In summary, PHD inhibitors are considered to be effective in eMF-REP cells but not in pMF-REP cells with methylation-based silencing of the genes for HIF2α and EPO ( Figure 1D ). Our preliminary experiments using mouse models have shown that EPO production is induced by PHD inhibitors in undamaged or slightly damaged REP Cells of fibrotic kidneys through HIF2α accumulation but not in severely damaged areas. In contrast, PHD inhibitors activate EPO production in almost all the REP cells of healthy kidneys within 6 H after peritoneal injection of the drug (Suzuki et al., 2018b). Clinical trials have demonstrated that PHD inhibitors induce erythropoiesis in nephric patients suffering from any CKD stage and end-stage renal disease, but anephric patients barely respond to PHD inhibitors with regard to EPO induction (Bernhardt et al., 2010). Taken together, these results suggest that EPO produced by a small number of REP cells in the kidney is sufficient to induce erythropoiesis in renal anemia patients. Indeed, as mentioned above, ON-REP cells constitute less than 10% of the REP cells in mouse models of severe chronic anemia ( Figure 1C ; Yamazaki et al., 2013). These observations also suggest that the efficacy of PHD inhibitors differs among renal anemia patients and that the population of eMF-REP and healthy REP Cells in each patient defines their responsiveness to PHD inhibitors.

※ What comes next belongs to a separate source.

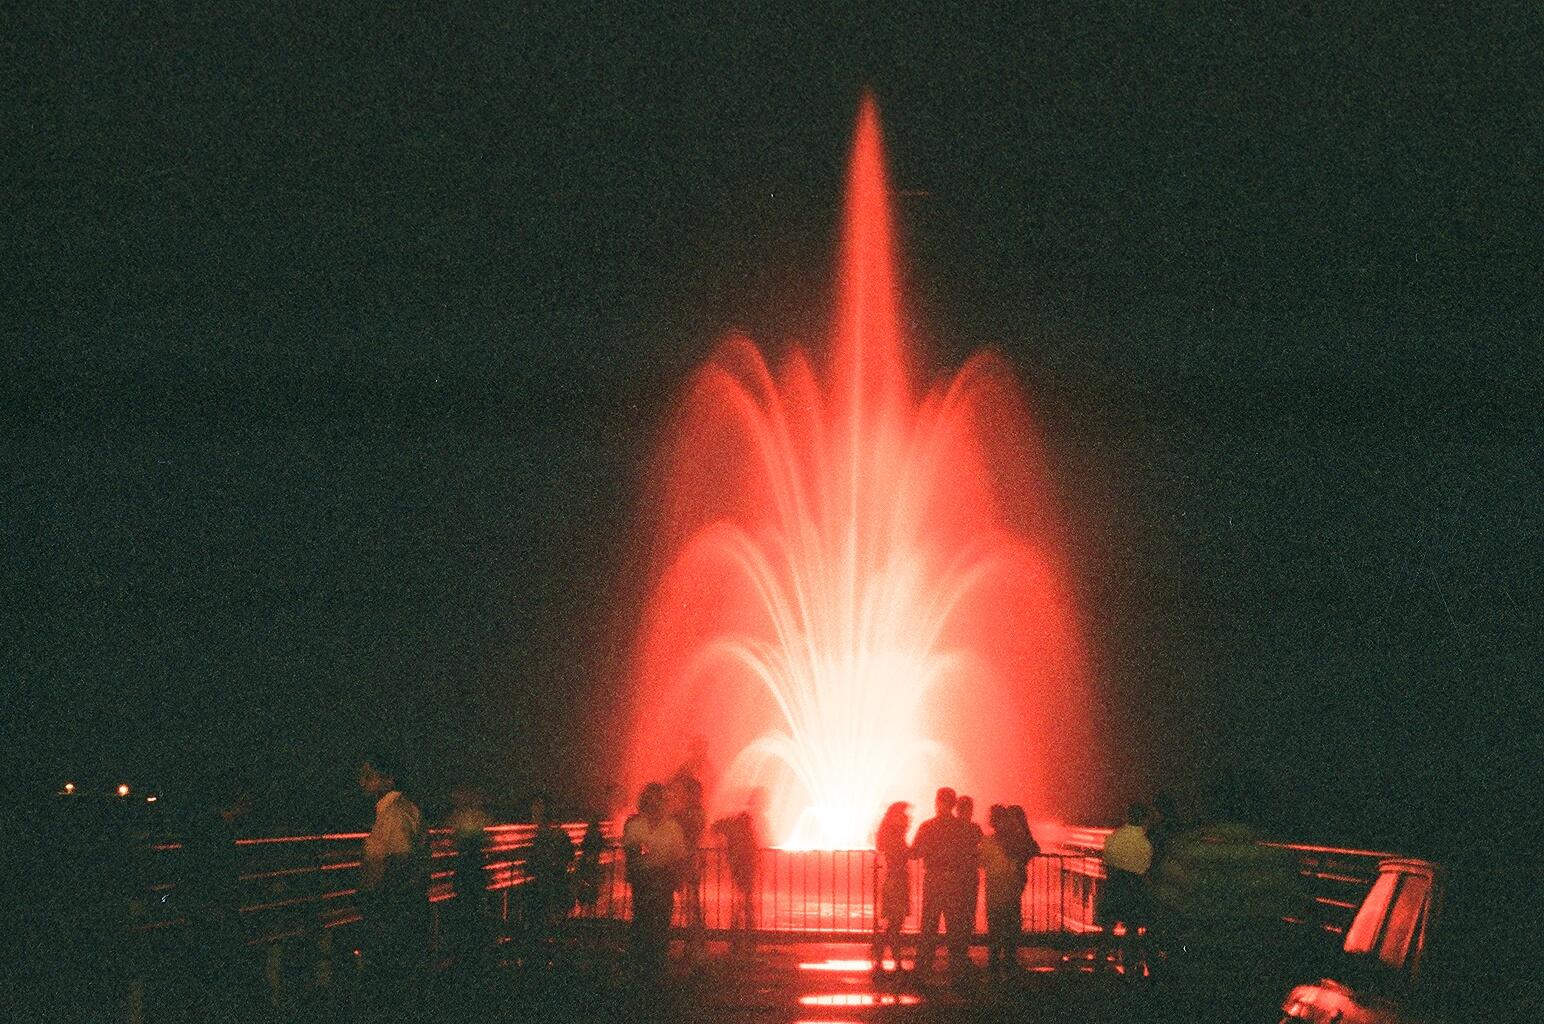 Vulcani D'acqua

Perspectives: Non-Invasive Strategies for Personalized Precision Medicine for Chronic Kidney Disease

Here, we summarize the epigenetic and molecular mechanisms of EPO-gene silencing in CKD patients and propose the stepwise transformation of REP cells into eMF-REP and pMF-REP cells in injured kidneys ( Figures 1C, D ). We also suggest that PHD-inhibitor responsiveness varies in patients and is dependent on the degree of REP cell transformation, which fundamentally correlates with the degree of kidney fibrosis in CKD. Thus, diagnosing the degree of kidney fibrosis is expected to inform us not only about CKD conditions/prognoses but also about PHD-inhibitor responsiveness of CKD patients. Currently, an invasive biopsy is widely adopted for the diagnosis of the complicated pathology of CKD (Mise et al., 2014). However, non-invasive biomarkers for the progression of CKD are being explored. For example, urine concentrations of N-acetyl-β-D-glucosaminidase (Bazzi et al., 2002) can be used. However, the quantitative relationship of the biomarkers to the degree of kidney fibrosis should be investigated in detail.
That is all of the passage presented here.